If the dataset is not available under the given path, it will be downloaded and preprocessed.

Parameters:

  • path: str
    Specifies the directory path where the dataset resides.
    If the dataset does not exist under the given path, it will be downloaded and saved under path/hand_gestures.
  • resolution: int, default=224
    Specifies the resolution in which the images will be resized.

Returns:

  • train_set: opendr.engine.datasets.DatasetIterator
    The training set object that can be used with the fit() method to train the hand gesture classifier.
  • val_set: opendr.engine.datasets.DatasetIterator
    The validation set object that can be used with the fit() method to train the hand gesture classifier.
  • n_class: int
    The number of hand gestures in this dataset.
  • text_labels: list[str]
    The list of textual labels of the hand gestures.
    If the prediction from the model is k, the textual description of hand gesture is text_labels[k].

Examples

  • Training an RGBD hand gesture recognition model.
    In this example, we will train a hand gesture classifier using the data provided by [1].
    The training and validation data object can be constructed easily by using our convenient method get_hand_gesture_dataset() as follows:

    from opendr.perception.multimodal_human_centric.rgbd_hand_gesture_learner.rgbd_hand_gesture_learner import RgbdHandGestureLearner, get_hand_gesture_dataset 
    
    # download the dataset to the current directory
    train_set, val_set, n_class, text_labels = get_hand_gesture_dataset('.')

    Then, we can construct the classifier having the densenet121 architecture with the pretrained ImageNet weights, and train the learner for 300 iterations as follows:

    learner = RgbdHandGestureLearner(n_class=n_class, architecture='densenet121', pretrained=True, iters=300)
    performance = learner.fit(train_set, val_set)
  • Using pretrained hand gesture recognition model.
    In this example, we will demonstrate how a pretrained hand gesture recognition model can be easily downloaded and used.
    At the moment, only a light-weight pretrained mobilenet_v2 is provided so we will create a learner instance with mobilenet_v2 as the architecture.

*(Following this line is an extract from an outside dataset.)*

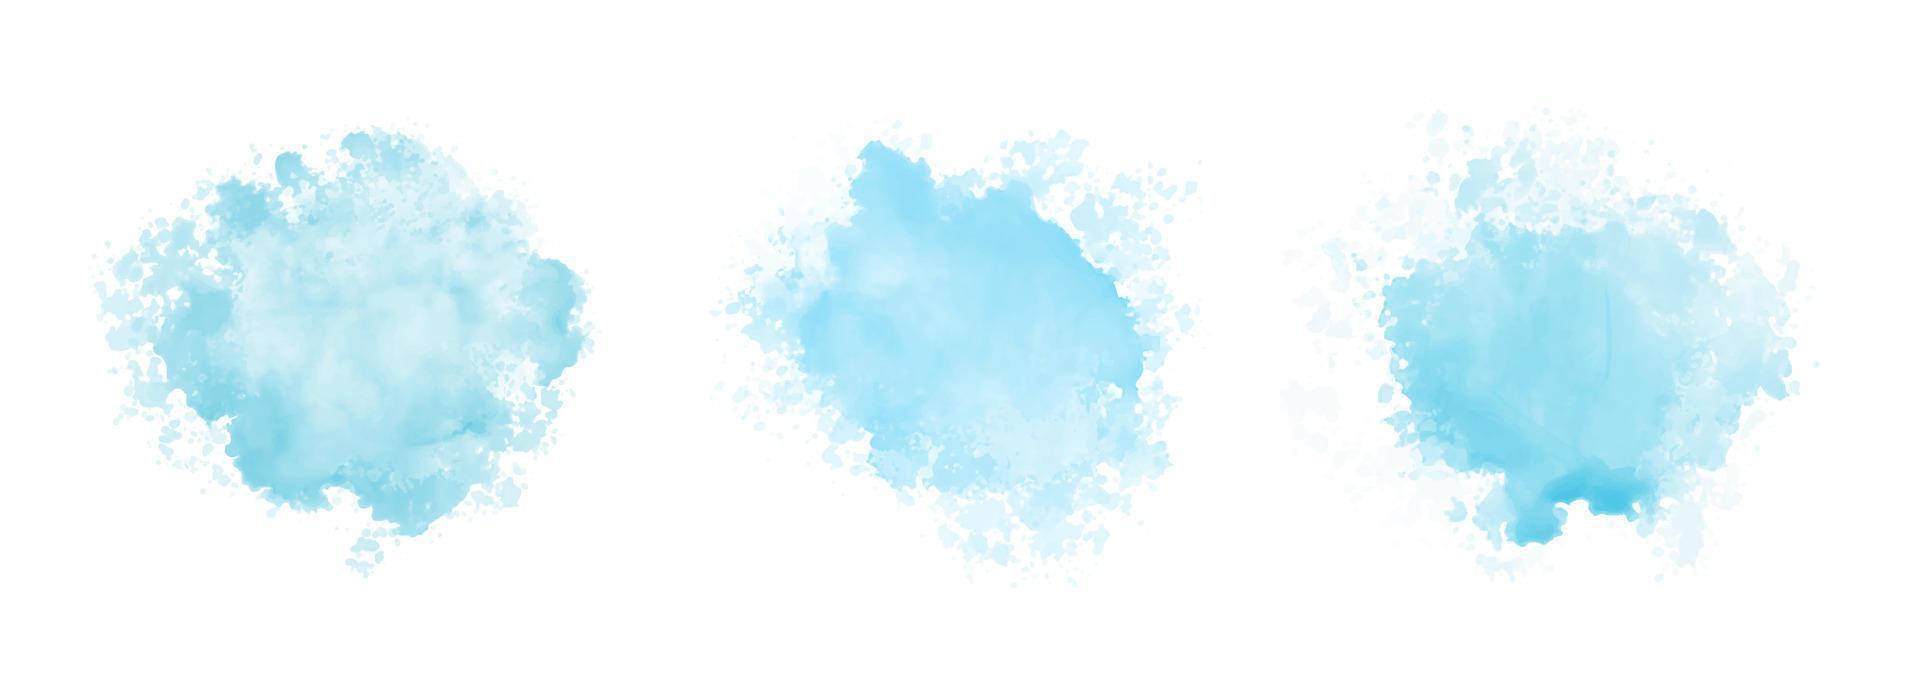 abstrakt mönster med blå akvarell moln på vit bakgrund. cyan akvarell vatten brash stänk textur vektor

    from opendr.perception.multimodal_human_centric.rgbd_hand_gesture_learner.rgbd_hand_gesture_learner import RgbdHandGestureLearner 
    
    learner = RgbdHandGestureLearner(n_class=16, architecture='mobilenet_v2')

    In the above snippet, since the pretrained model was trained using a set of 16 static hand gestures provided in [1], the number of classes n_class is set to 16.
    After creating the model instance, we will download the model to the current directory using the download() method and load the pretrained weights using the load() method.

    learner.download('./mobilenet_v2')
    learner.load('./mobilenet_v2')

    Given an RGB image "input_rgb.png" (saved as uint8) and the corresponding depth map saved as "input_depth.png" (saved as uint16), we can preprocess the images and make inference using the pretrained model as follows:

    # import the necessary modules to read and preprocess the images
    import imageio, numpy as np, cv2 
    from opendr.engine.data import Image
    
    # read rgb and depth image
    rgb_img = imageio.imread('input_rgb.png') 
    depth_img = imageio.imread('input_depth.png') 
    
    # scale the rgb and depth image
    rgb_img = np.asarray(rgb_img) / (2**8 - 1)
    depth_img = np.asarray(depth_img) / (2**16 - 1)
    
    # resize the images to 224x224
    rgb_img = cv2.resize(rgb_img, (224, 224))
    depth_img = cv2.resize(depth_img, (224, 224))
    
    # concatenate and standardize
    img = np.concatenate([rgb_img, np.expand_dims(depth_img, axis=-1)], axis=-1) 
    mean = np.asarray([0.485, 0.456, 0.406, 0.0303]).reshape(1, 1, 4)
    std = np.asarray([0.229, 0.224, 0.225, 0.0353]).reshape(1, 1, 4)
    img = (img - mean) / std
    
    # wrap the input under Image 
    img = Image(img, dtype=np.float32)
    
    # make inference 
    prediction = learner.infer(img)

References

[1] HANDS: an RGB-D dataset of static hand-gestures for human-robot interaction.